GIVEN MATERIAL:
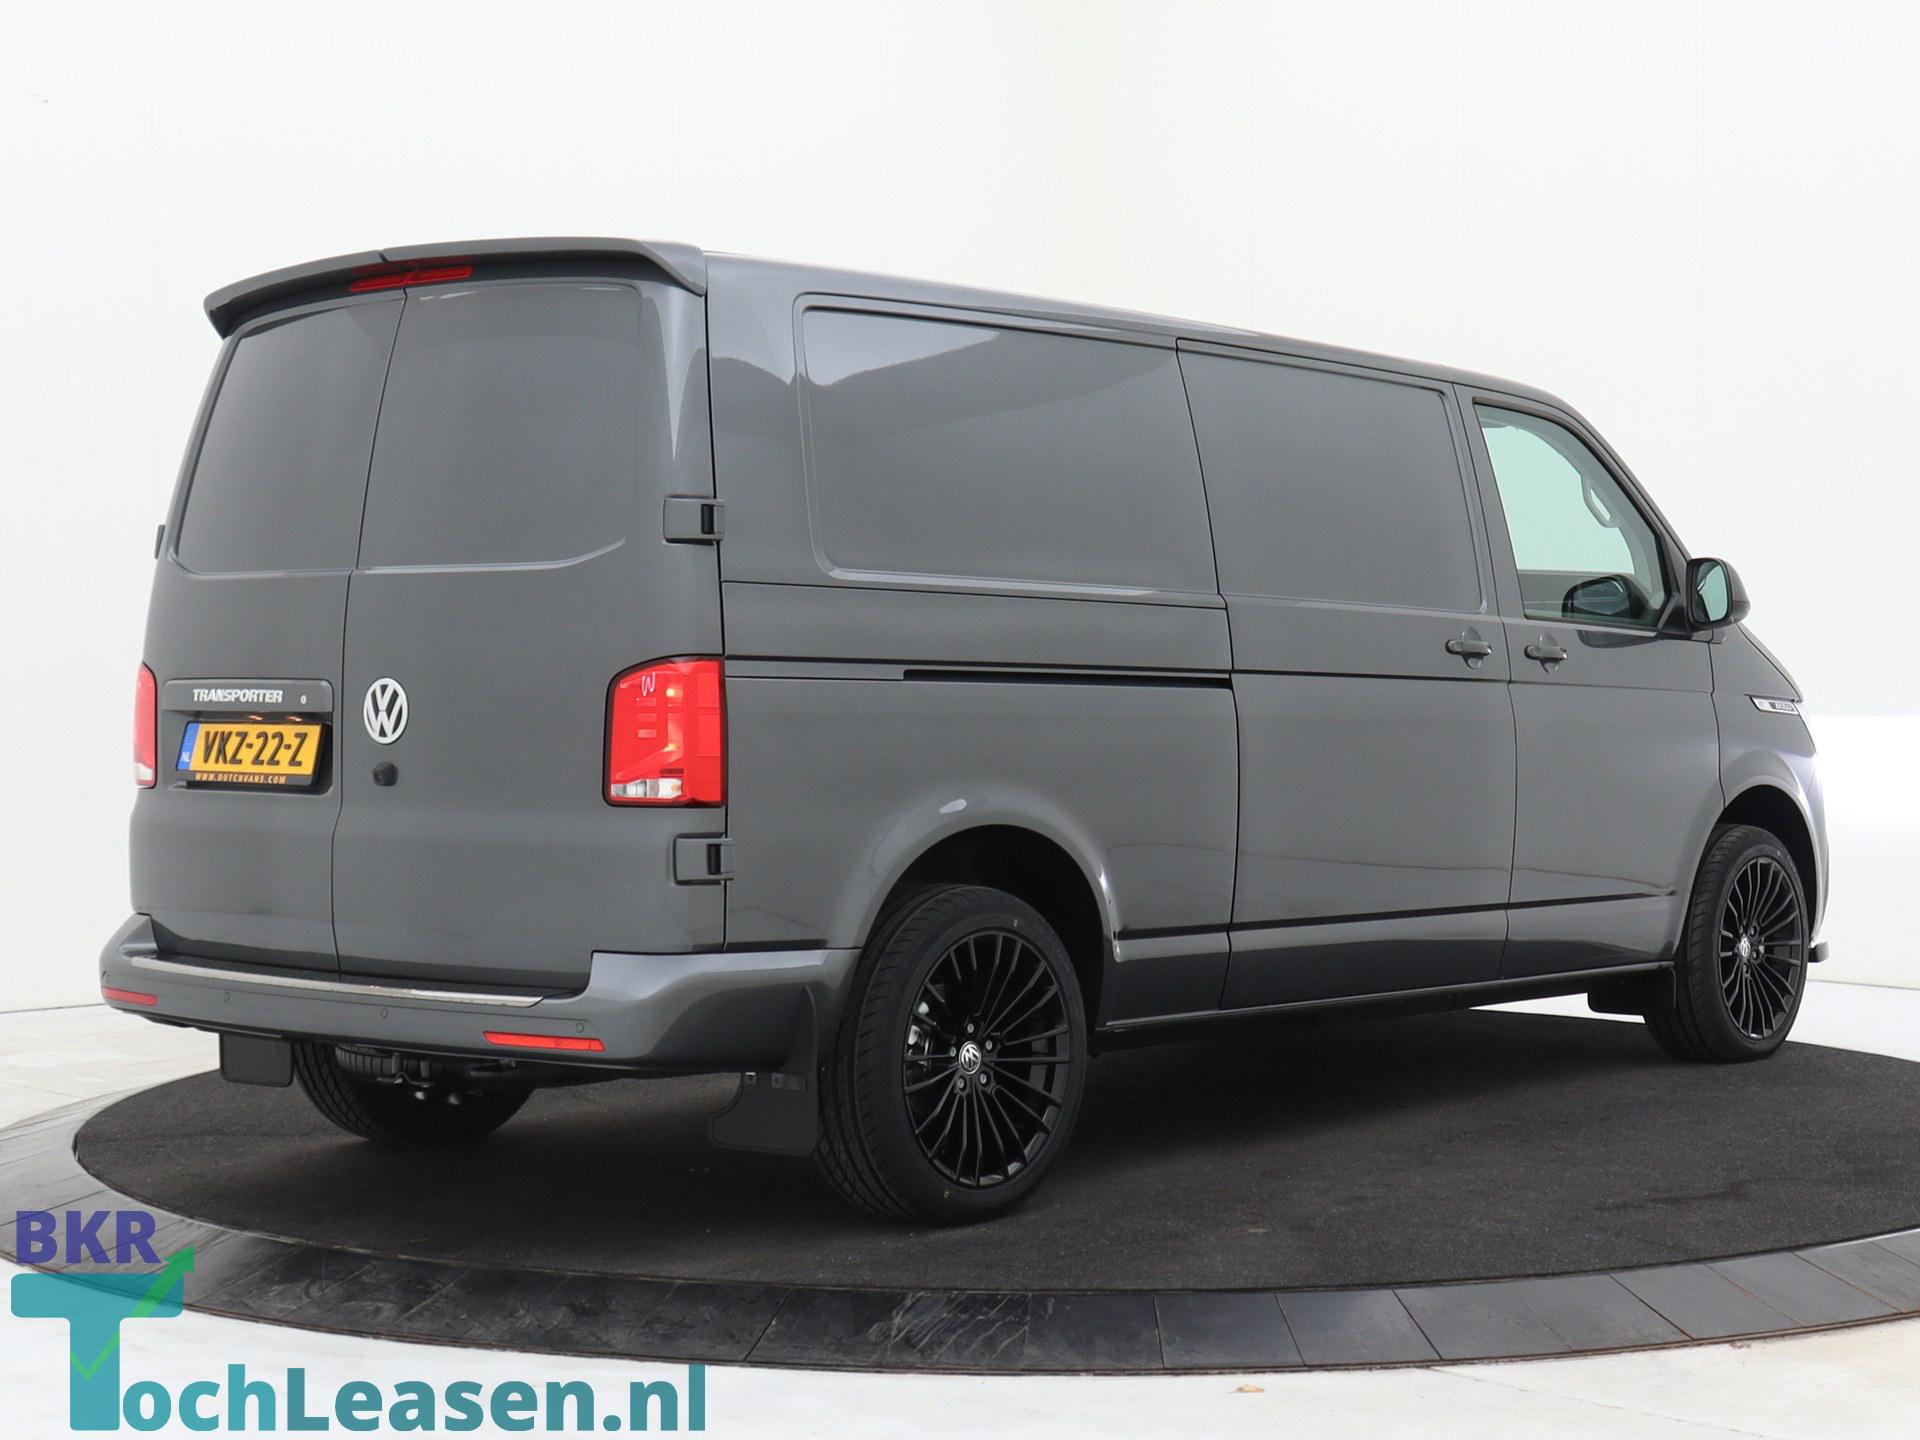 BKR toch leasen - Volkswagen Transporter - Grijs 18
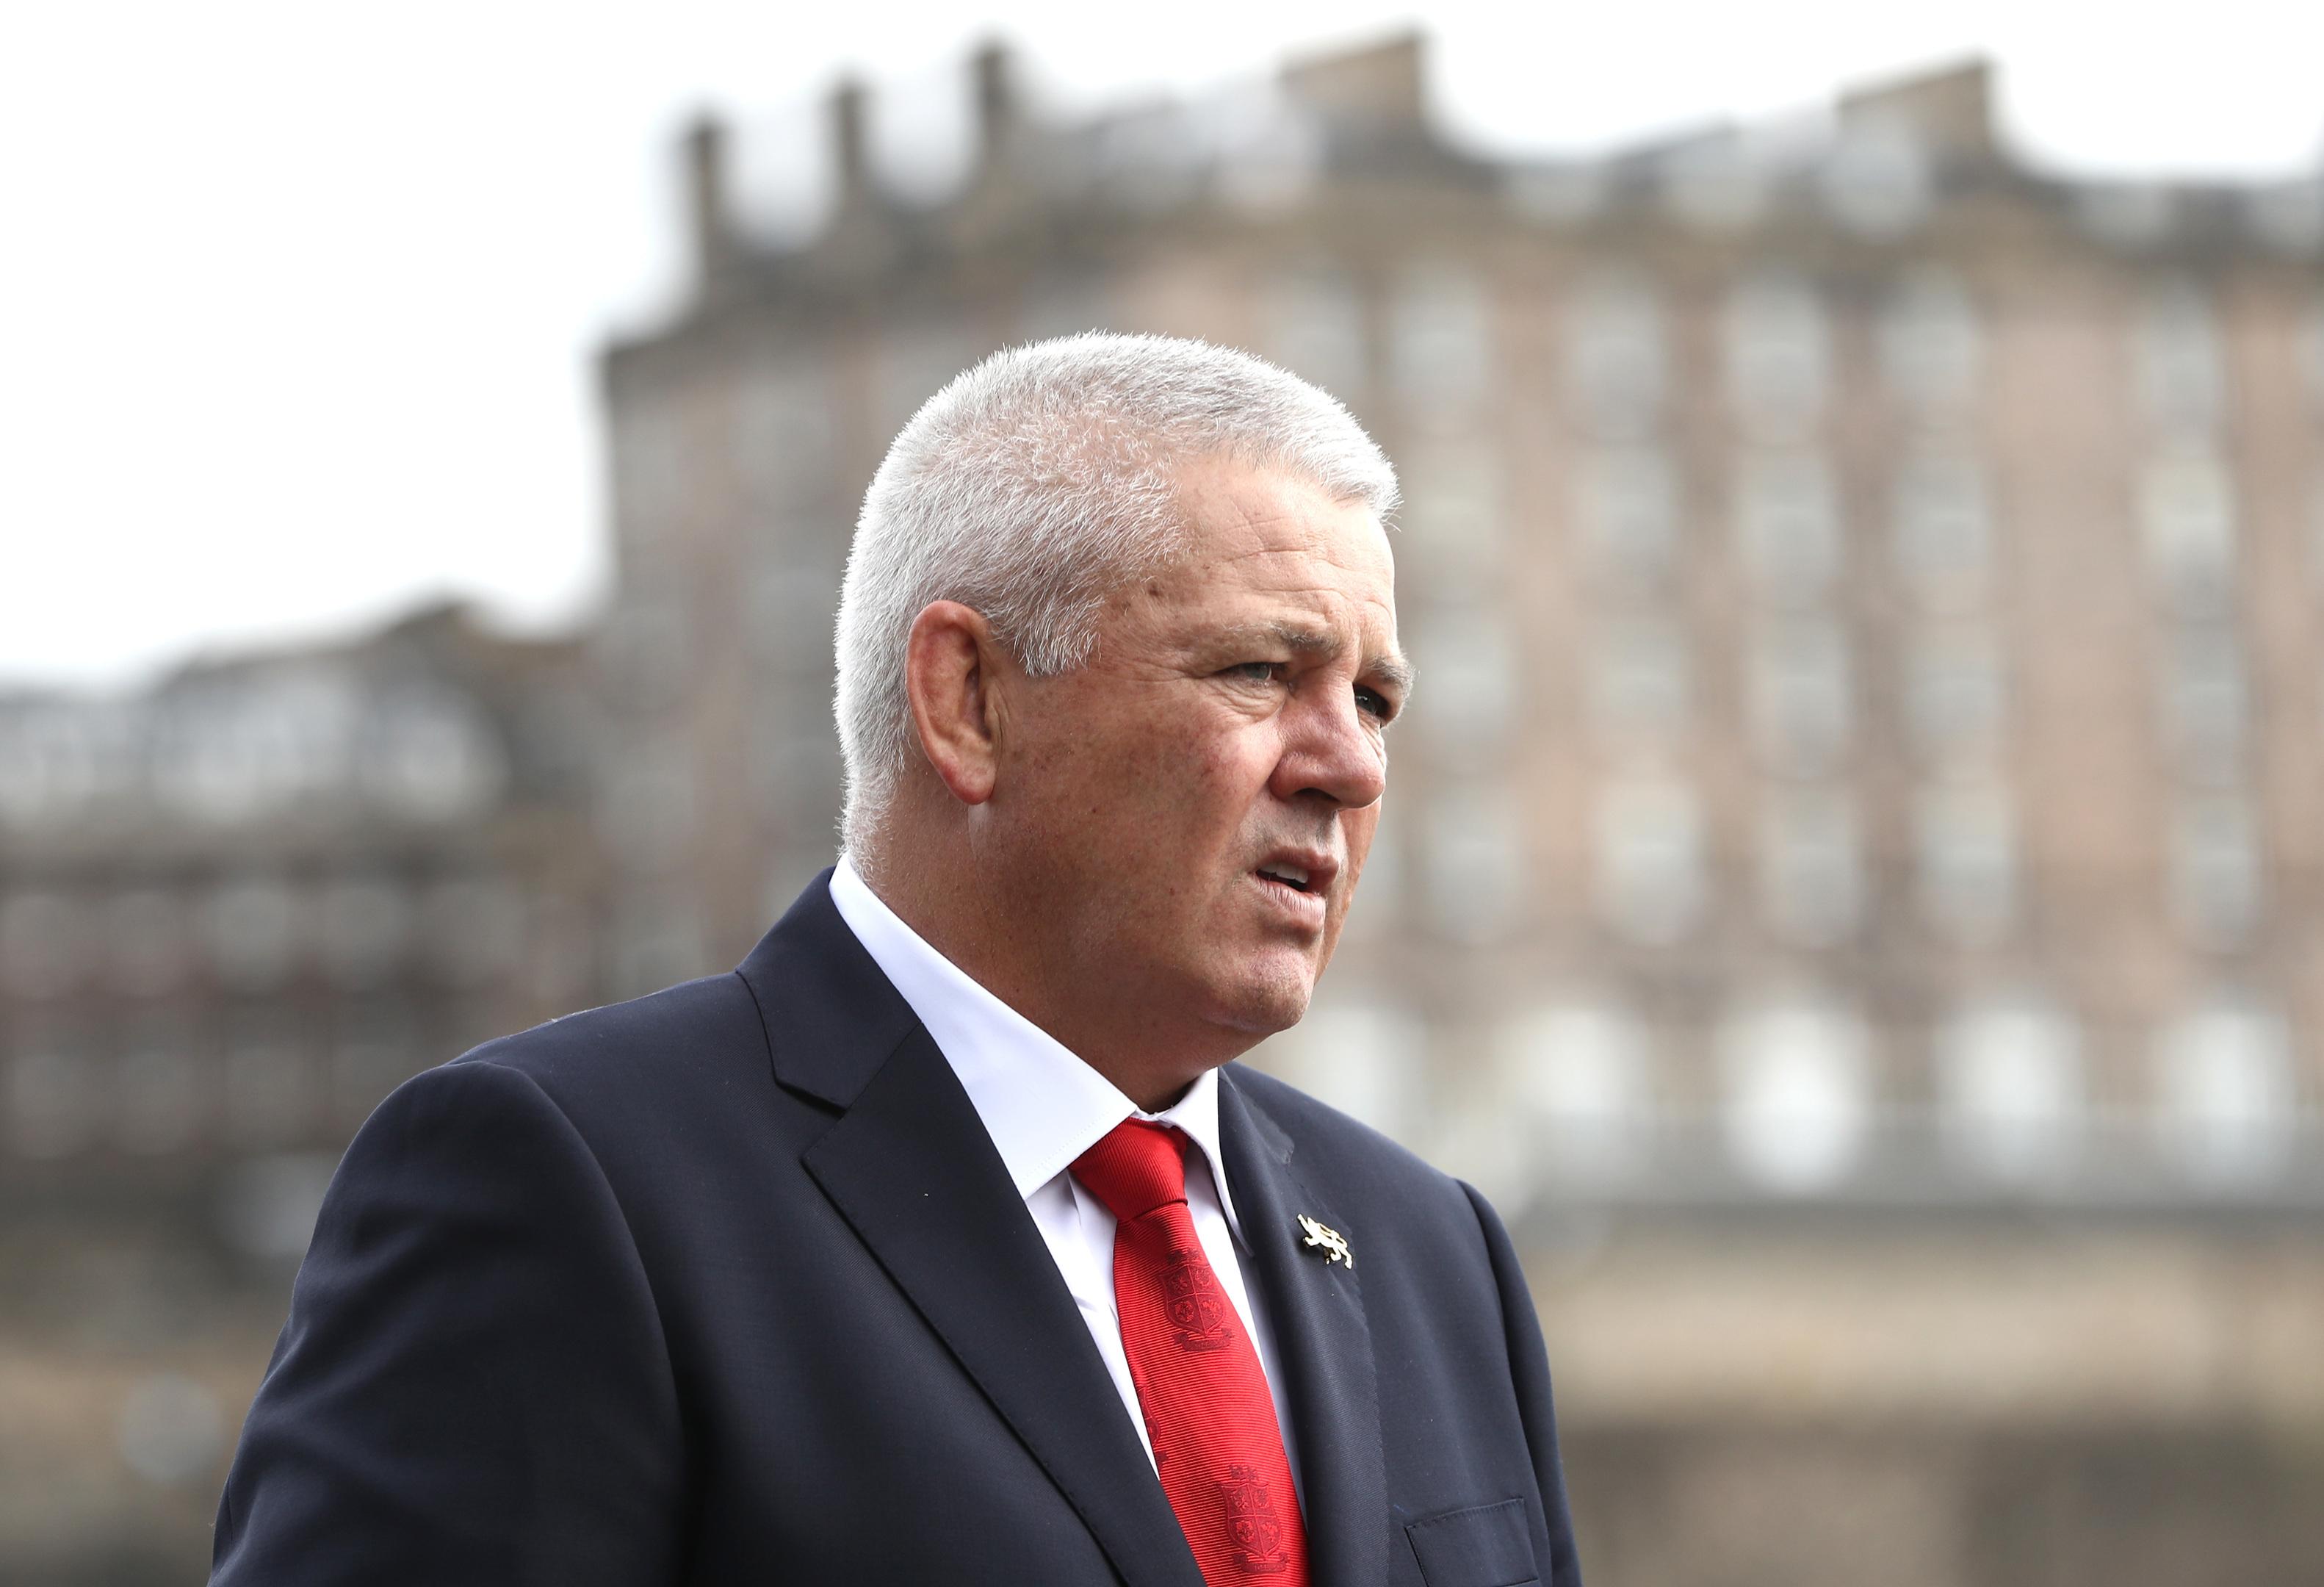 A pensive Warren Gatland at the Lions head coach announcement in Edinburgh.
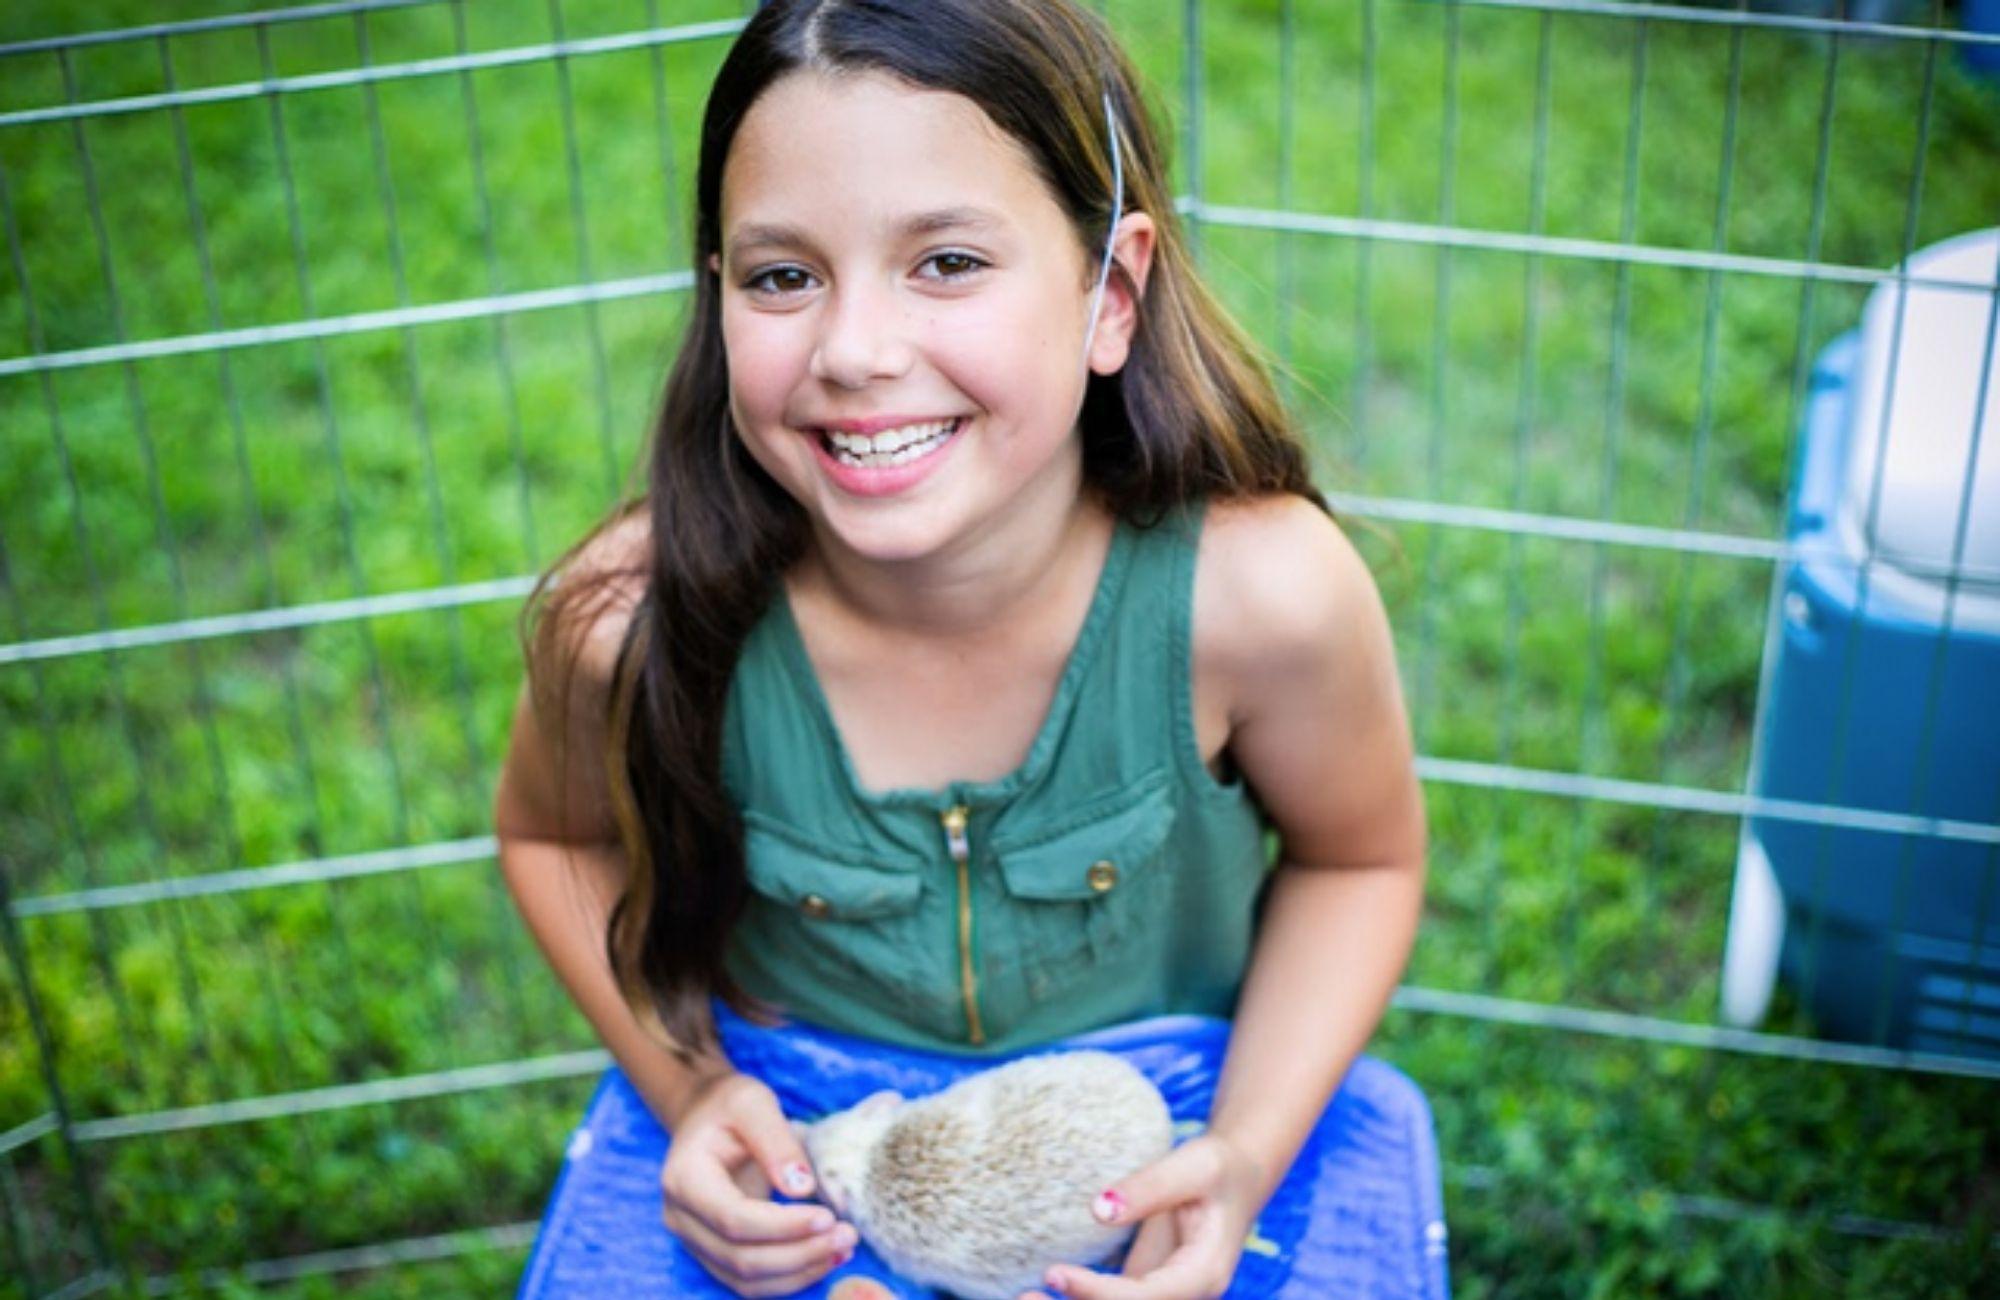 Petting Zoo Birthdays

WORK REQUIRED:
In transcribing the material above, reproduce each line exactly and include none of the pictures.

WRITTEN ANSWER:
 BKR toch leasen - Volkswagen Transporter - Grijs 18
 A pensive Warren Gatland at the Lions head coach announcement in Edinburgh.
 Petting Zoo Birthdays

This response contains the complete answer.